Lithium is a soft, silvery metal, so soft that it can be cut with a sharp knife. It is the lightest of all metals and has a density only half that of water. Lithium reacts easily with water and does not occur freely in nature. Lithium carbonate (Li2CO3) has been used since the 1960s for treatment of those who suffer from the psychological disorder of manic depression or bipolar affective disorder.
Lithium's effect on mood stabilization was first discovered by John Frederick Joseph Cade, and was published September 1949 in the Medical Journal of Australia. Cade was testing the effect of uric acid on mice. Because uric acid is insoluble, Cade chose the most soluble salt of it, lithium urate. He discovered that this compound had a calming effect on mice. After extensive testing, he also discovered that while lithium had little effect on depressed patients, manic patients became much calmer after lithium use.

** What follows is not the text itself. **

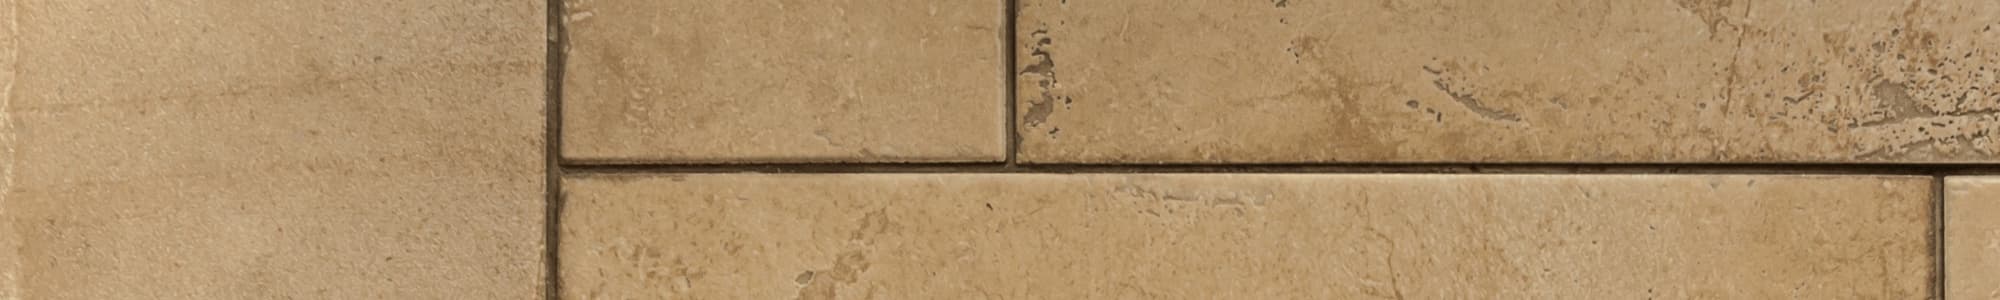 antikolt mészkő padlóburkolat minta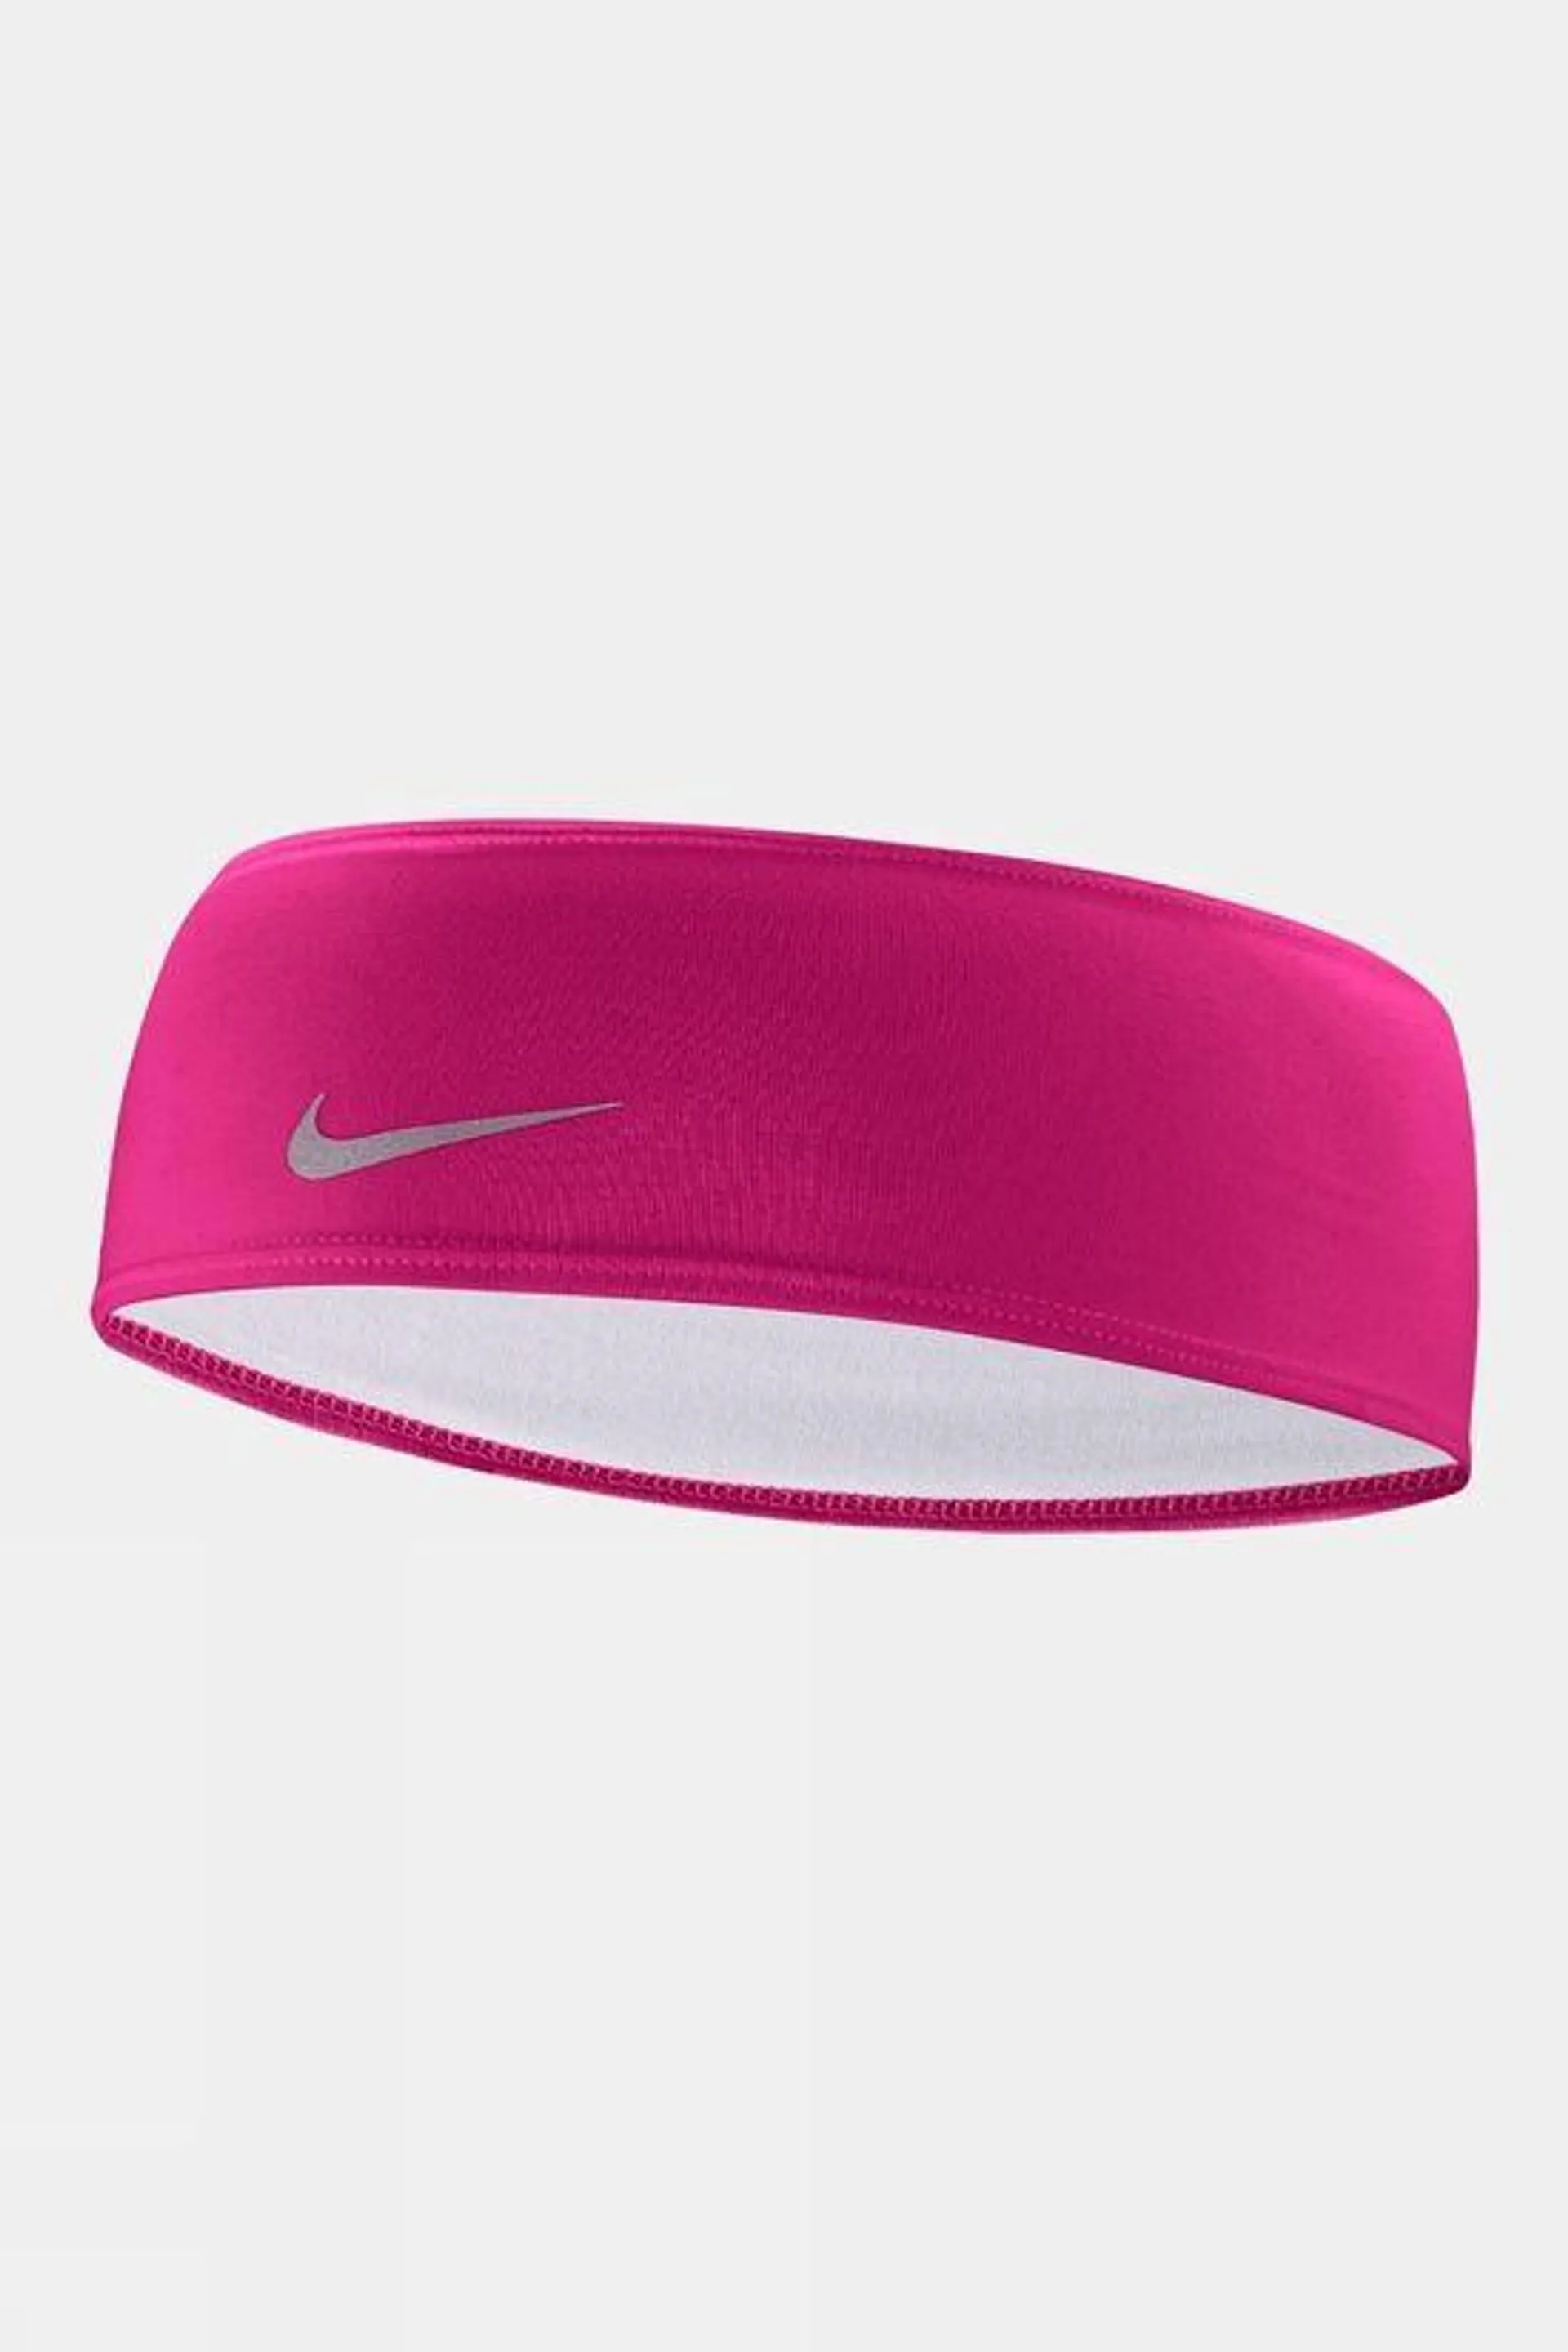 Nike Dri-FIT Swoosh Headband

One of the main uses of lithium treatment is in the treatment of those at risk of suicide. There is a strong connection between suicide risk and bipolar disorder. The suicide rate for those with bipolar disorder is approximately 20%. On average, lithium reduces suicide risk by at least sixfold.
"Discontinuation of lithium treatment should occur only if absolutely necessary and even then must be done gradually. All studies show that gradual reduction causes a much lower risk of relapse than abrupt discontinuation. After discontinuation, the risk of suicide jumps to the level it was before treatment began, and for the first six to twelve months, the risk is many times more – roughly twentyfold." [Larson, R. (1998) Lithium Prevents Suicides. Insights on the News, 14 (18), 39]
The required dosage (15-20mg per kg of body weight) is slightly less than the toxic level, requiring blood levels of lithium to be monitored extremely closely during treatment. In order to prescribe the correct dosage, the patient's entire medical history, both physical and psychological, is taken into consideration. Blood tests should be carried out every 3 months to ensure the appropriate level of lithium and thus prevent toxicity, along with kidney and thyroid tests.
Lithium has been the first choice for years for the treatment of bipolar disorder, sold under the names Carbolith, Duralith, Eskalith, Lithane, Lithizine, and Lithobid. Effectiveness is maximized when serum concentrations are maintained at 1.0-1.2 mmol/L. Lithium has long been used to reduce suicide risks.
One of the main reasons that lithium is still used in treatment is its effectiveness in reducing symptoms and frequency of episodes. "The response rate is 70-80% for the initial and maintenance of mania, with a good response defined as fewer, less severe, and shorter manic or hypomanic episodes, although these episodes may continue to occur." [Larson, R. (1998) Lithium Prevents Suicides. Insights on the News, 14 (18), 39]
Lithium carbonate, orotate or aspartate has been found to be effective in treating chronic cluster headaches, possibly due to its ability to impact the electrical system within the brain. The usual dose for the carbonate form is 300mg 2-3 times daily. Lithium levels should be checked and kept within, or even slightly below, the therapeutic range for bipolar disorder, namely 0.5 to 1.5 milliequivalents per liter.